BEGIN SOURCE DATA

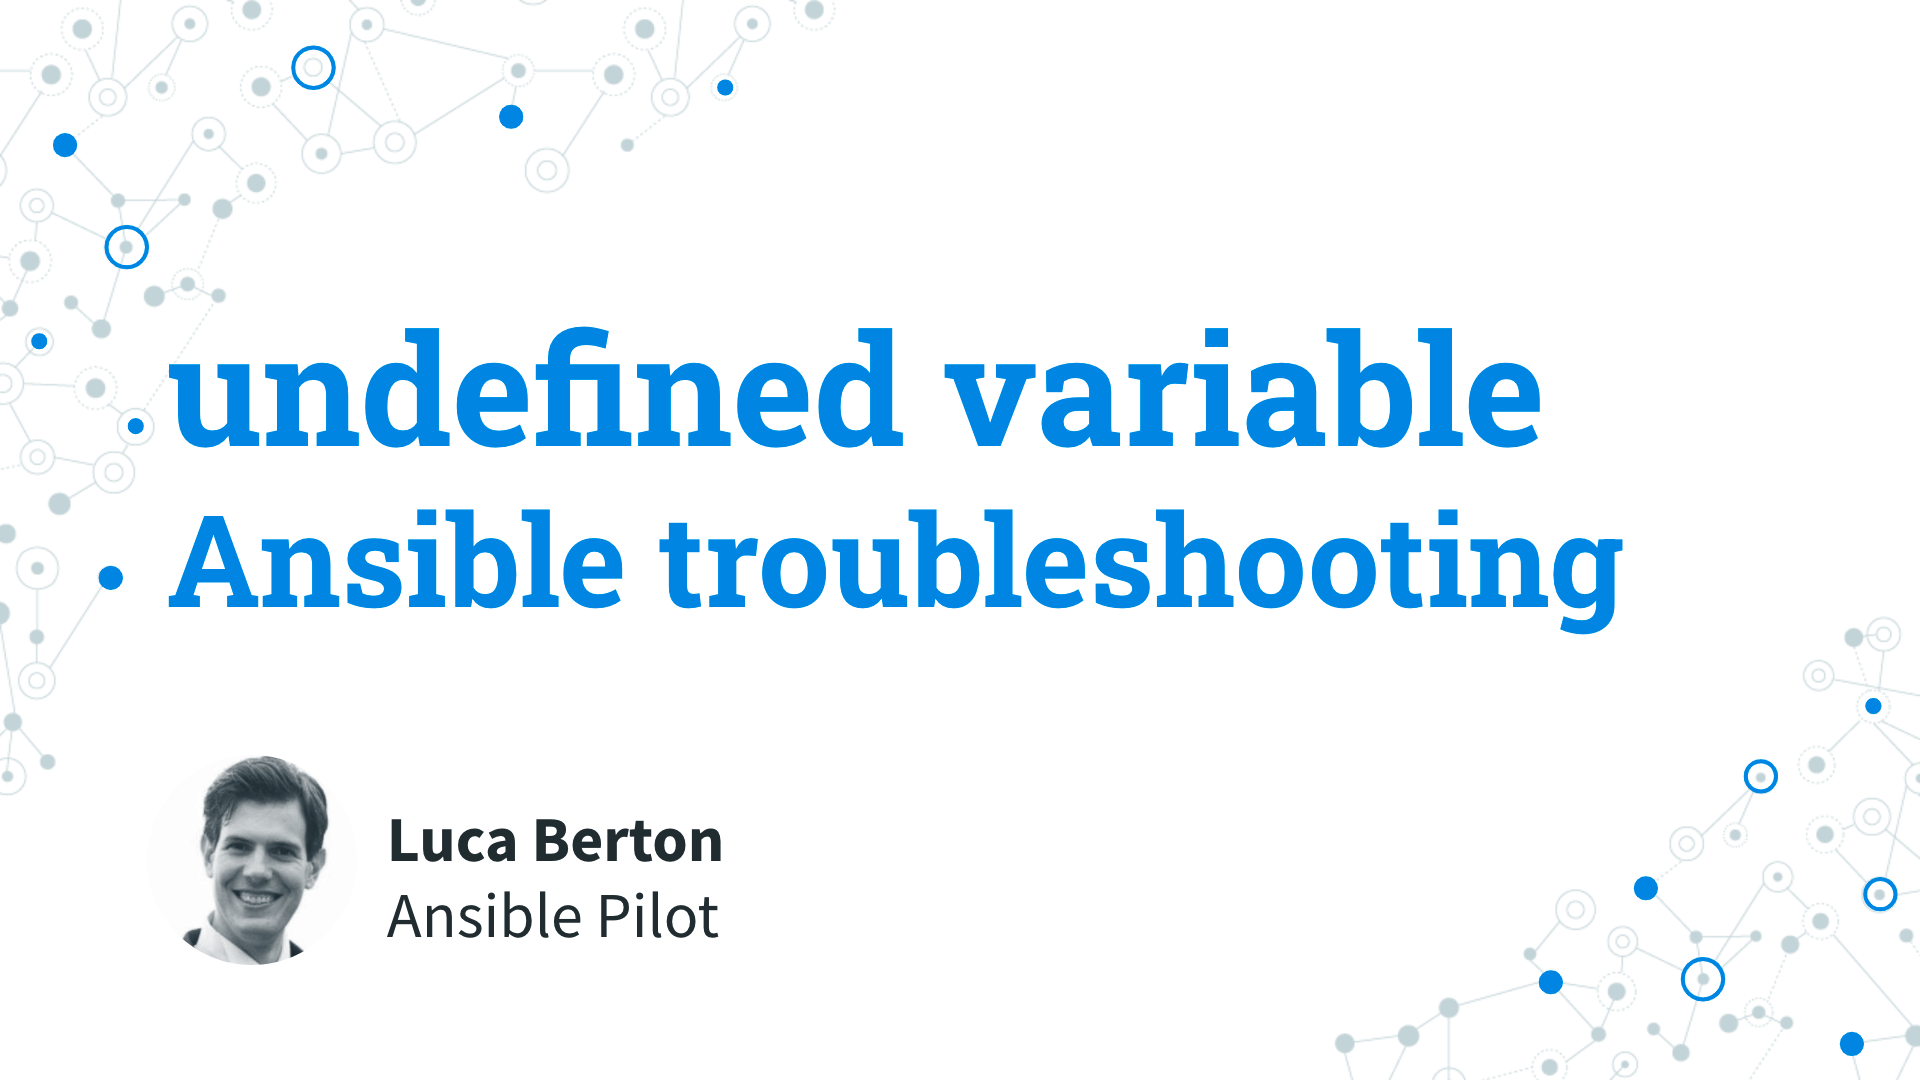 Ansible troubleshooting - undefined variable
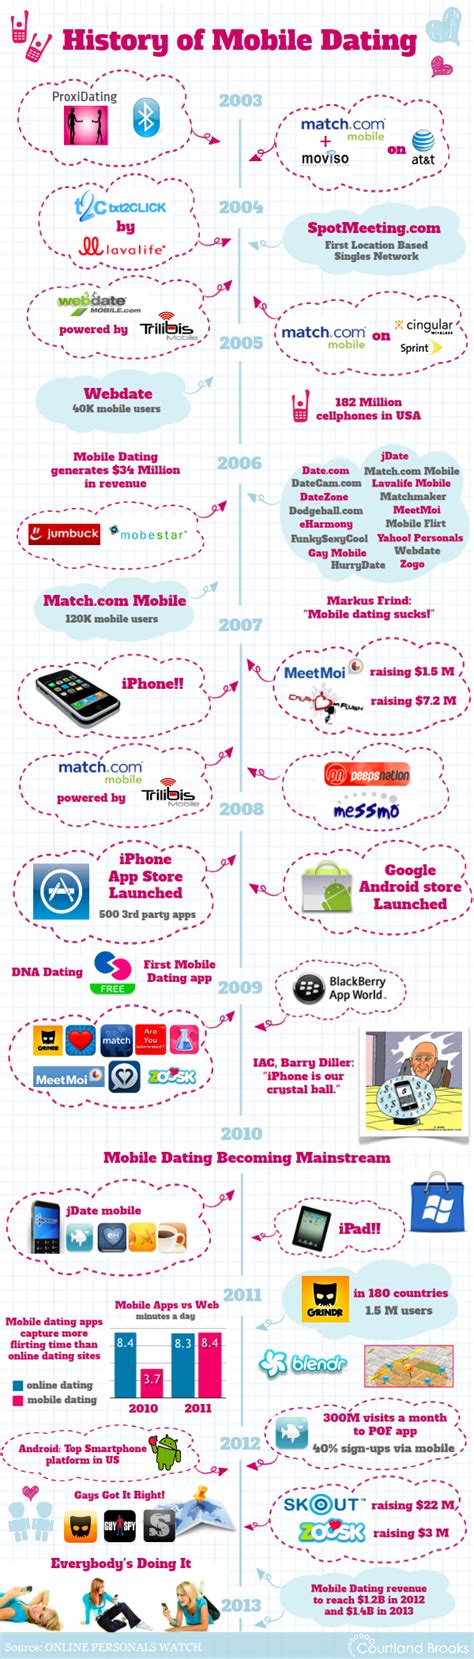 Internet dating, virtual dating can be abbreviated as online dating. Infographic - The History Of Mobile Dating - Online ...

END SOURCE DATA
BEGIN SOURCE DATA

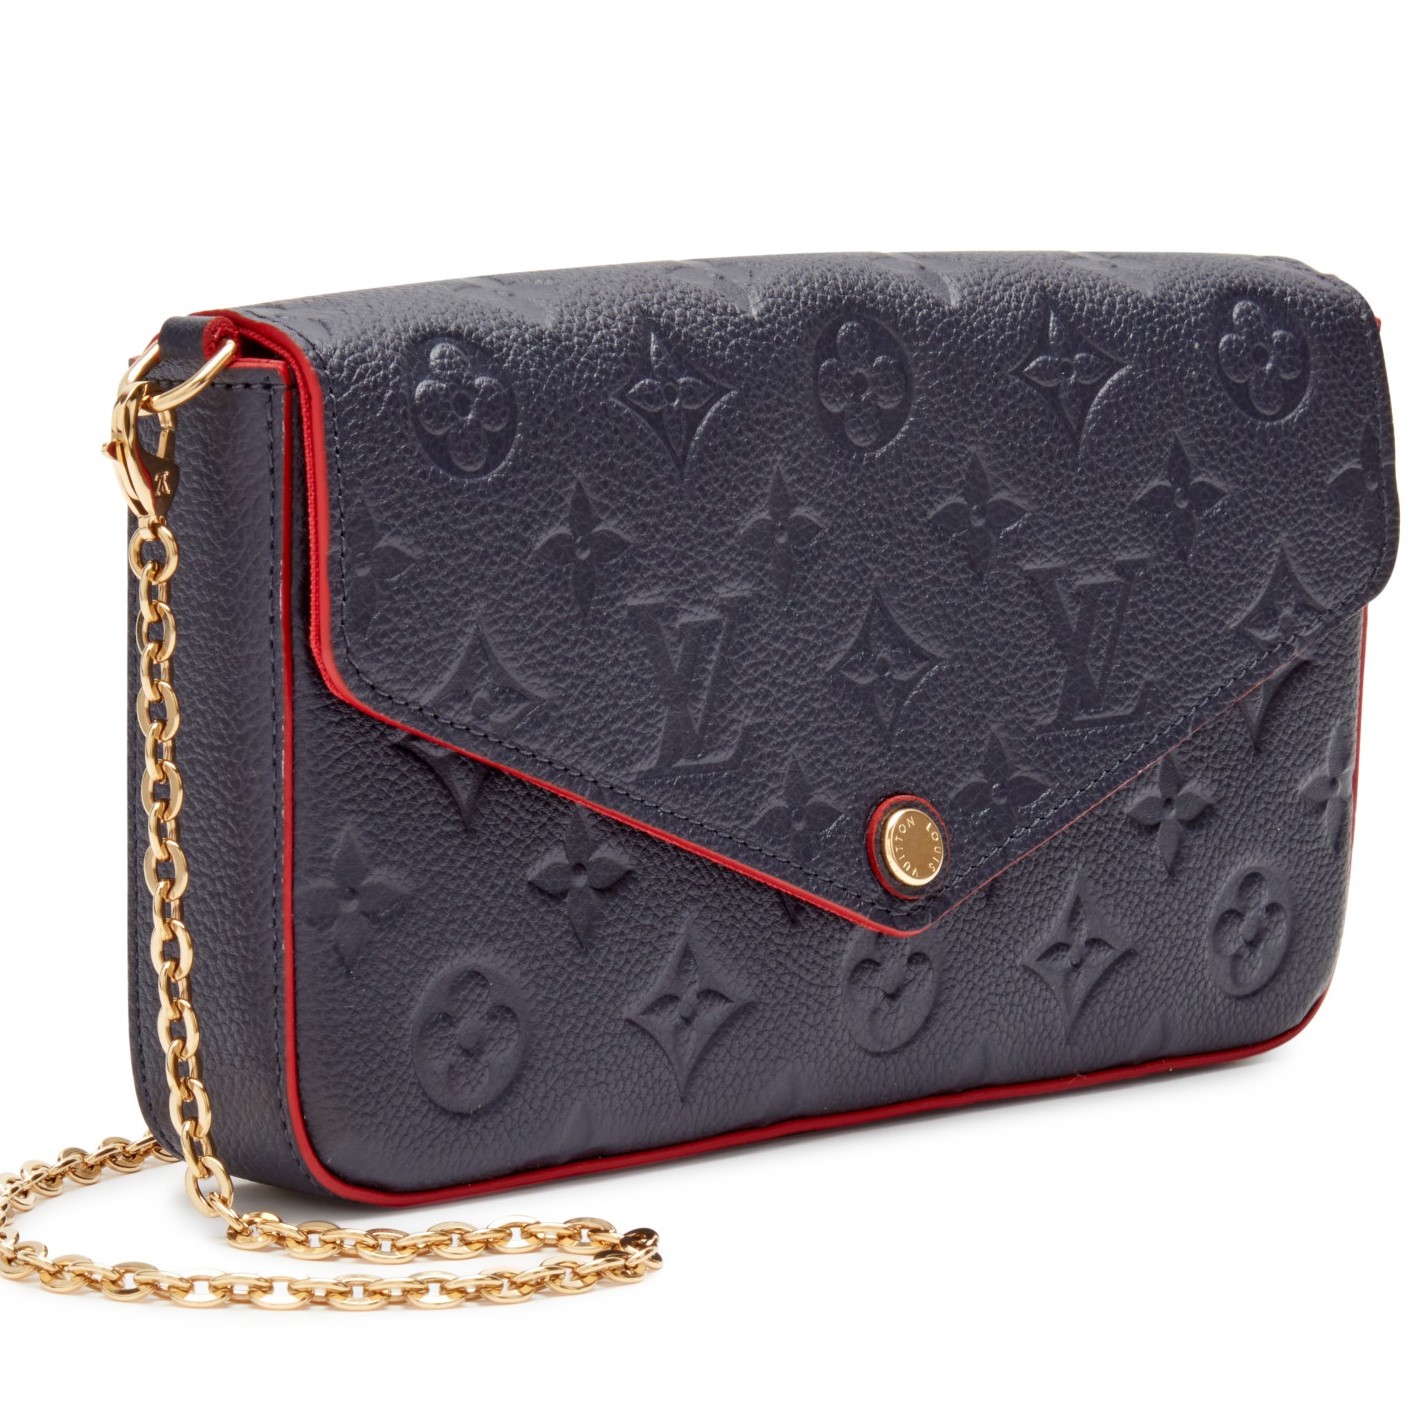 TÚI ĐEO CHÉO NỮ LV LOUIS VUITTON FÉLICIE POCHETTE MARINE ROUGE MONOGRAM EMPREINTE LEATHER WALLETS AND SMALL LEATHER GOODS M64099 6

END SOURCE DATA
BEGIN SOURCE DATA

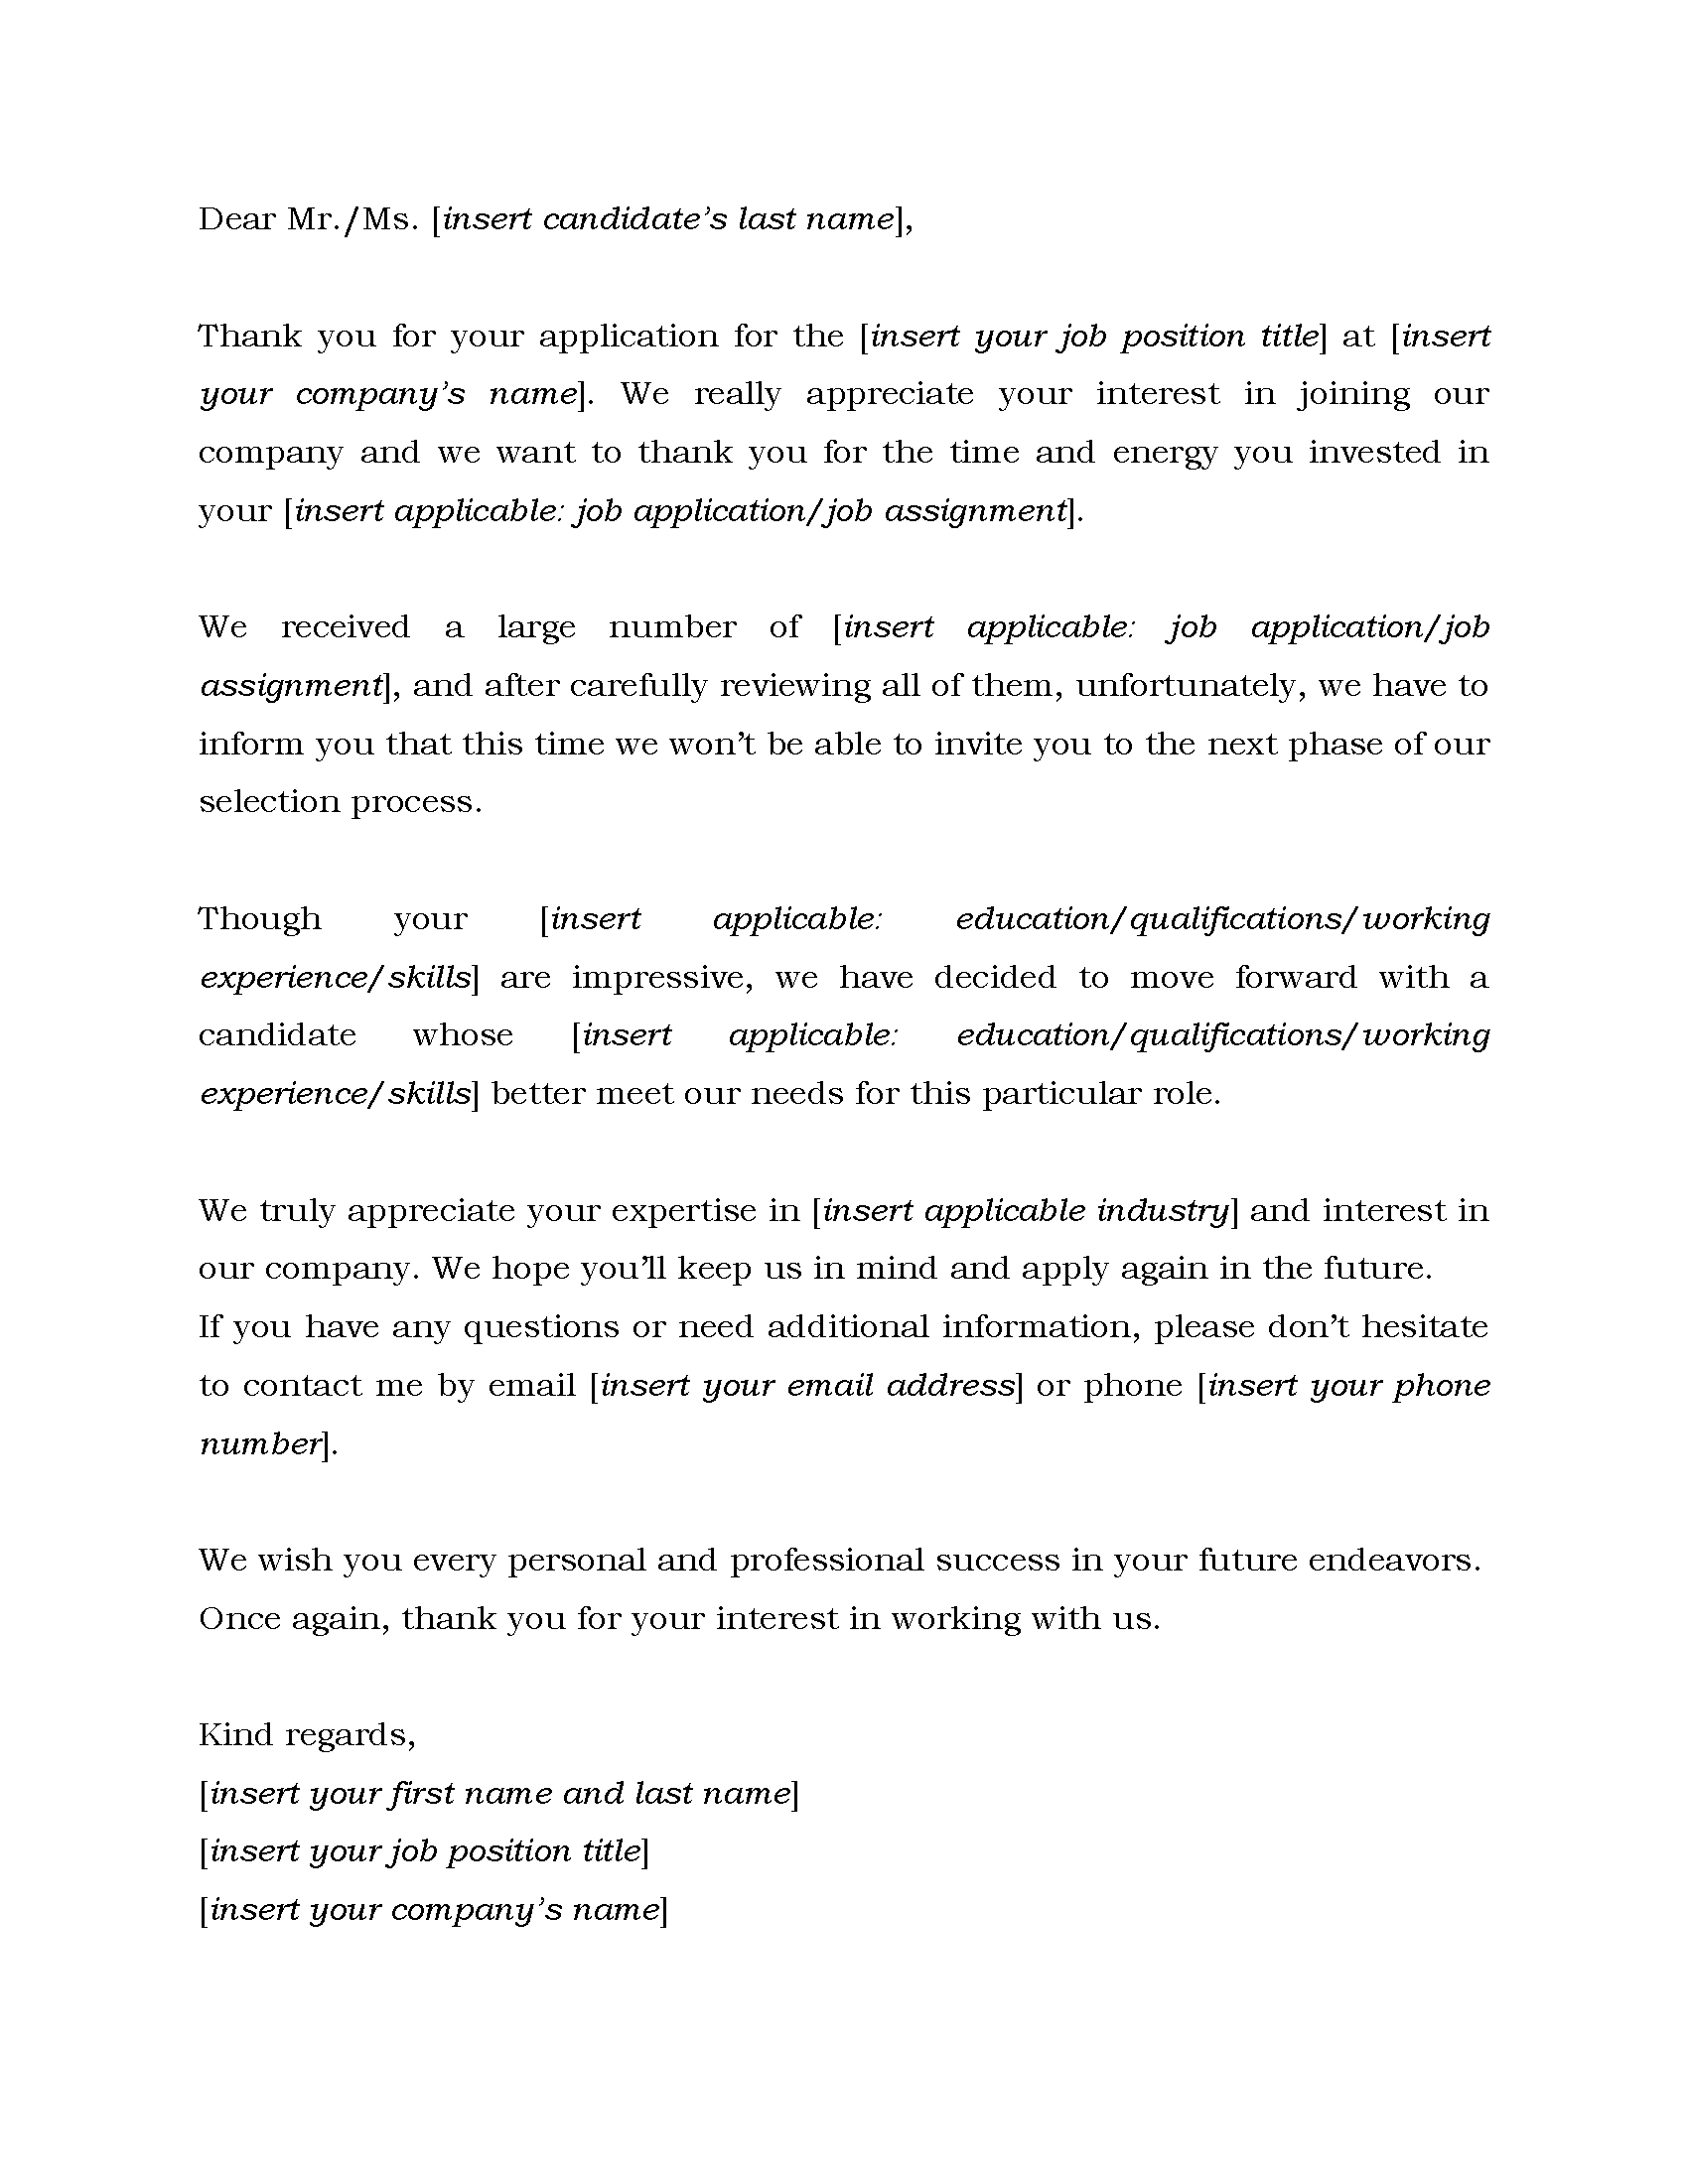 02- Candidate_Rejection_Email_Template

END SOURCE DATA

WHAT IS NEEDED:
Look back at the data above, then output exactly the lines from the line holding "Ansible troubleshooting - undefined variable" up to and including the line holding "Internet dating, virtual". Leave out the pictures.

ANSWER BOX:
 Ansible troubleshooting - undefined variable
 Internet dating, virtual dating can be abbreviated as online dating. Infographic - The History Of Mobile Dating - Online ...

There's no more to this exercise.